Tokyo Tower stands at the heart of the city, illuminated in a blazing red, contrasting with the icy colors on the trees to create one of Japan’s great postcard images. But elsewhere you can find dazzling lights illuminating entire streets, pink hues dressing up trees along riverbanks, or even choreographed light shows and fantasy-like scenes throughout the whole of Tokyo.
8. See the Chrysanthemums
Chrysanthemums are revered in Japan above all other flora and plantlife; so much so, that even the imperial throne is named after this autumnal flower.
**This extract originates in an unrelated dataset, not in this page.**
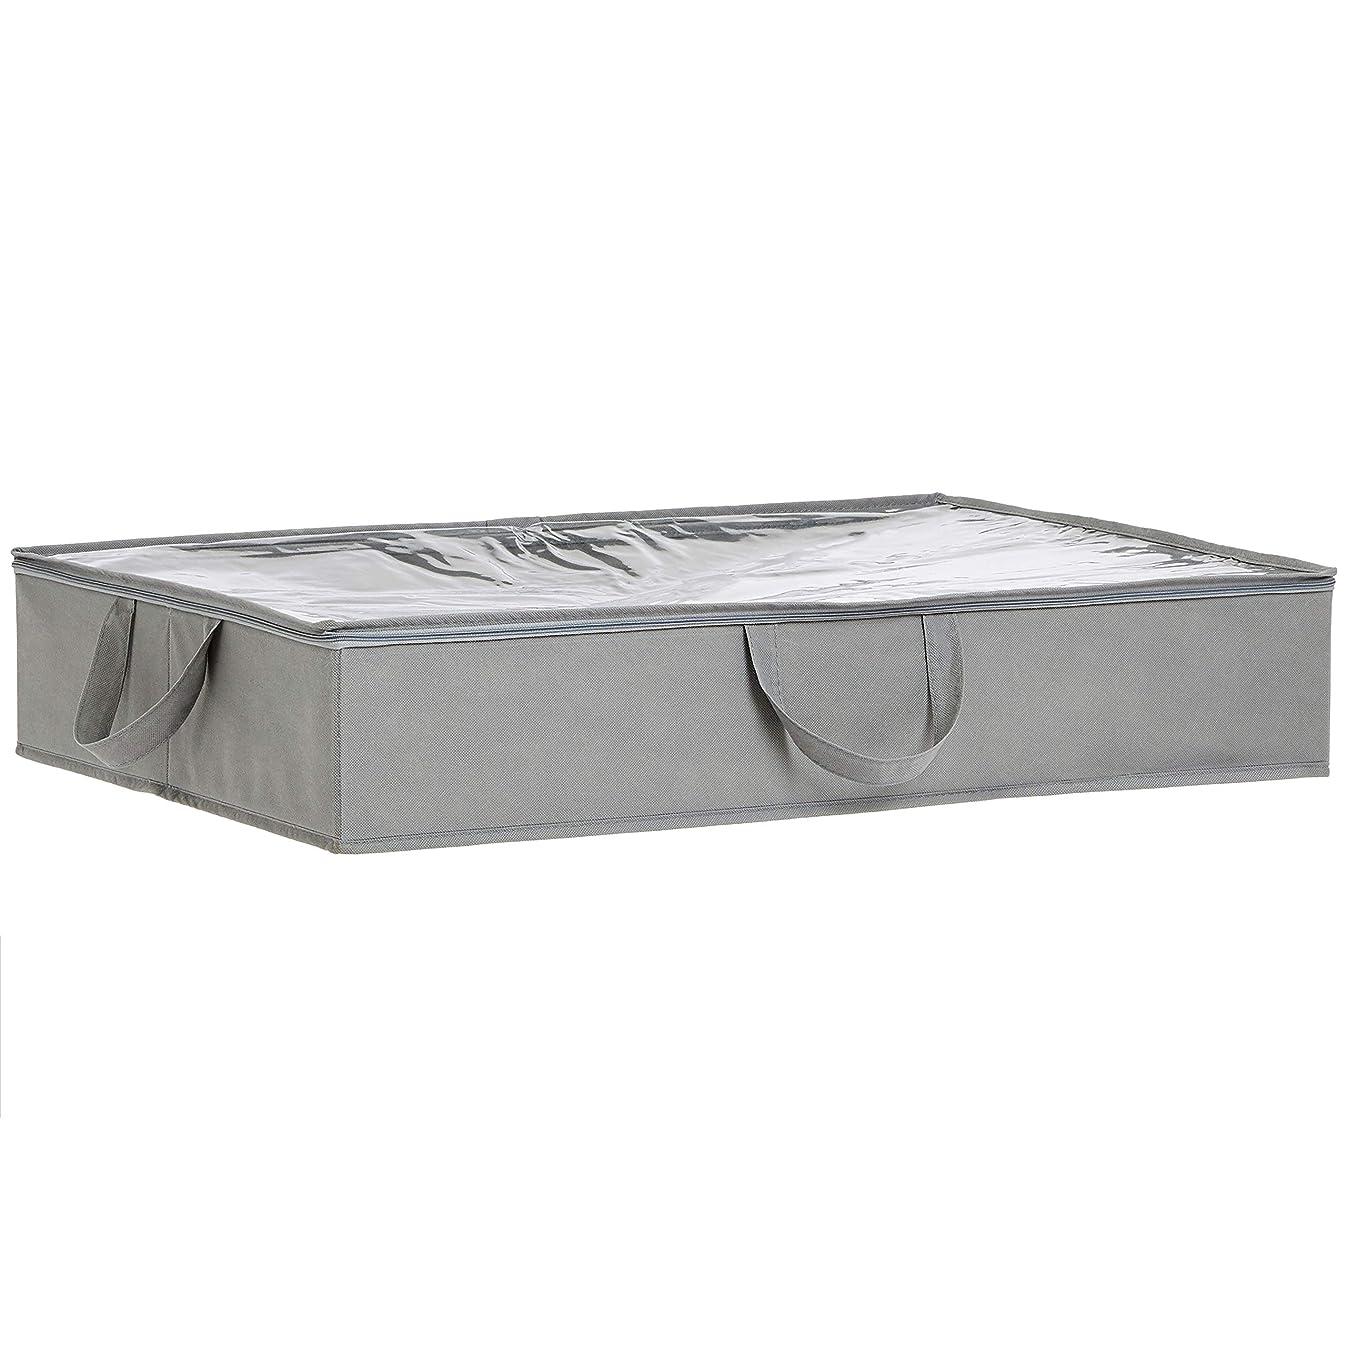 AmazonBasics Fabric Underbed Storage Bags - 2-Pack

The sixteen-petal variety of chrysanthemum is said to evoke the rays of the sun - another underpinning component of Japanese culture - and its likeness can often be seen on cloth hangings at shrines and temple entranceways. It is the official symbol of the Meiji line of emperors.
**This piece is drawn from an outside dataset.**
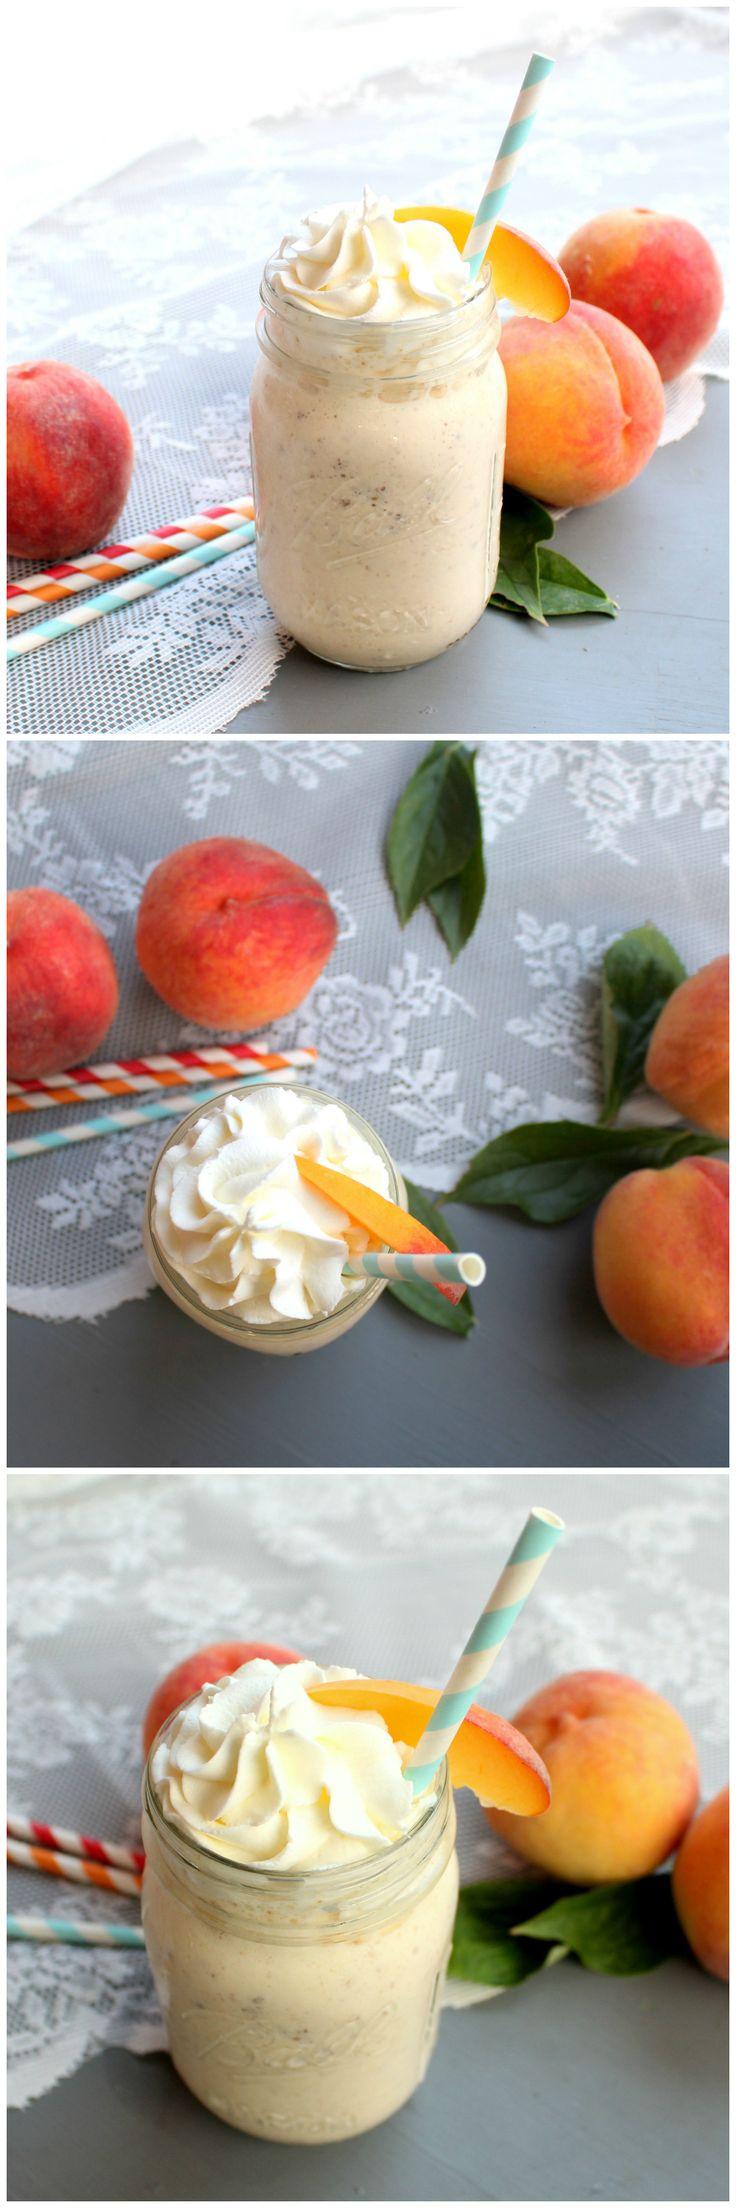 Brown Butter Peach Milkshake

You can see this flower in all its splendor every November in Tokyo. Chrysanthemums were strategically planted in many of Tokyo’s public parks, daimyo gardens, and spiritual complexes because of their cultural significance. Festivals that celebrate them also take place across the capital every November.
9. Eat Autumn Sweets
Japan’s globally-renowned culinary expertise spills over into the craft of dessert making, and in autumn there’s a host of seasonal specialties. Kuri dorayaki fuses chestnuts with sweet bean paste inside sweet breads, which can be found in convenience stores. Momiji Manju, maple leaf-shaped buns, are also popular in fall, and come in boxes that make great take-home souvenirs. Kurumi Mochi, walnut rice cakes, are another November top-seller.
10. Day Trip to Nikko
If you’ve got a day to spare in Tokyo, there are numerous day trips and excursions accessible via the capital’s extensive rail network. Nikko, home to the resting place of Japan’s most venerated samurai, Tokugawa Ieyasu, is just 2 hours from Tokyo Station by train. Not only is Nikko a place of spiritual and cultural significance, but it’s also a land teeming with stunning natural reserves.
The misty hills that sweep across Nikko, and the rest of Tochigi Prefecture, are home to primeval forests filled with deciduous trees that shed their leaves in fall. The combination of shrines, temples and fiery autumnal colors make it the best Tokyo day trip in November.
*Prices and options mentioned are subject to change.
*Unless stated otherwise, all prices include tax.